# Kudos to Joey (Hawglife)



## Smitty (Jul 1, 2005)

Just wanted to say thanks to Joey for refurbishing and bringing back to life two old & well used Calcutta's. Price was great, quick turn around time and shipping was a breeze. I would highly recommend Joey and Brandi for your reel repairs. Thanks again


----------



## Hawglife (Mar 9, 2014)

Thanks bud, great feedback!

Thanks,
Joey
www.facebook.com/reeldealcleaning
8323166460


----------



## Stick 'Em (Jul 8, 2004)

*I agree 100%!*

Joey and Brandi did a great job on my old pearl Chronarch and MG50s. The 50s were supertuned and all exceeded my expectations.

Turnaround was fast and prices were very reasonable, I'll be using them again.


----------



## Hawglife (Mar 9, 2014)

Stick 'Em said:


> Joey and Brandi did a great job on my old pearl Chronarch and MG50s. The 50s were supertuned and all exceeded my expectations.
> 
> Turnaround was fast and prices were very reasonable, I'll be using them again.


Sorry for the late reply, but thanks for the kind words! We truly appreciate all the Patronage, and try to keep all yall happy, without stopping on anyone's toes!

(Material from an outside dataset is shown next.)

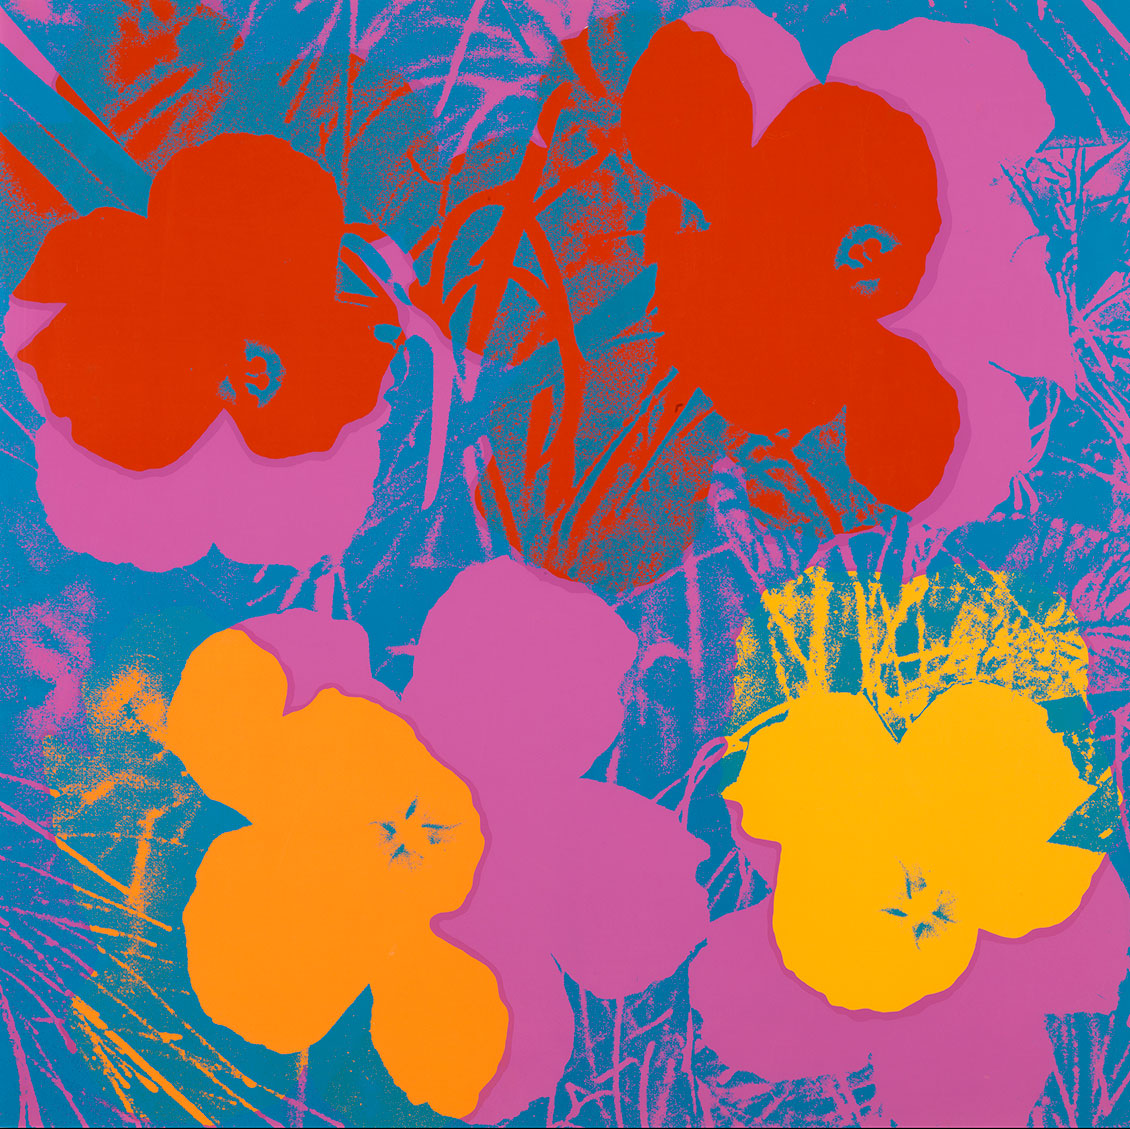 Andy Warhol, Flowers, 1970. Louisiana Museum of Modern Art, Humlebæk. Foto: Poul Buchard / Brøndum & Co.

Thanks, tight lines, and smooth drags, ReelDeal


----------



## Whitebassfisher (May 4, 2007)

I recently met and dealt with both Joey and Brandi.
Like probably many on this forum, they struck me as good people and I would not hesitate a moment to suggest them for their reel service.


----------



## TxToeZ (Nov 9, 2012)

*Sweeeeet*

:brew2:
Just got my Cu200 back from Brandi and this thing is smoother than it has ever been. All supertuned with upgraded drag washer. Can not wait to pull some lip with it. Everything about the cleaning/upgrading was seamless, she keeps in touch and advises on everything. Even went so far as a replacement part on her dime for not catching it in the initial checkup. WOW !! And a write-up on the reel and maint/upgrades performed with suggestions on maint between major overhauls. Could not be happier with Reeldeal and will be a repeat customer.

:texasflag


----------



## Hawglife (Mar 9, 2014)

Thanks for all the kind feedback yall, it means a lot, and shows us were on the right path!


----------



## RogerTherk (Aug 24, 2011)

I dropped 4 more reels off on Tues this week
That will make a total of 11 in the last six months
Bringing old gear back to life 
Thanks Brandi


----------



## Hawglife (Mar 9, 2014)

RogerTherk said:


> I dropped 4 more reels off on Tues this week
> That will make a total of 11 in the last six months
> Bringing old gear back to life
> Thanks Brandi


Thanks for the patronage, and kind words Roger, love to hear that you are happy with your decision to come to reeldeal!

Keep it Reel!


----------



## Hawglife (Mar 9, 2014)

Thanks again for the kind words, if yall would be so kind to rate and review our FB page (www.facebook.com/reeldealcleaning), that would be great! Dont forget to ask about our free stickers next time you meet with Brandi!


----------



## Brandi @ ReelDeal (Mar 11, 2015)

Hey Guys! Sucked it up and created my own handle so hopefully I make myself more known on here. No more jumping on Joey's account (Hawglife) to respond to ya'll's feedback 

Brandi Saadeh (Moen)
ReelDeal
832-316-6460


----------



## dbarham (Aug 13, 2005)

Brandi said:


> Hey Guys! Sucked it up and created my own handle so hopefully I make myself more known on here. No more jumping on Joey's account (Hawglife) to respond to ya'll's feedback
> 
> Brandi Saadeh (Moen)
> ReelDeal
> 832-316-6460


Thank yall! Nice to meet ya Brandi


----------



## gulfcoastal (Jan 12, 2009)

Brandi, stay off the computer and get back to my reels. Lol. Thanks for the great honest service. Very impressed. Wish you well. 
Gulfcoastal


----------



## Brandi @ ReelDeal (Mar 11, 2015)

Hahaha oh shut it. I'm slaving away, believe me. Another late night in the works  Literally been working 18+ hour days for the past two weeks to keep the lead times as low as they are. And this is my full time job lol

Brandi Saadeh (Moen)
ReelDeal
832-316-6460


----------



## RogerTherk (Aug 24, 2011)

Thanks for all your hard work Brandi !!!


----------



## Brandi @ ReelDeal (Mar 11, 2015)

RogerTherk said:


> Thanks for all your hard work Brandi !!!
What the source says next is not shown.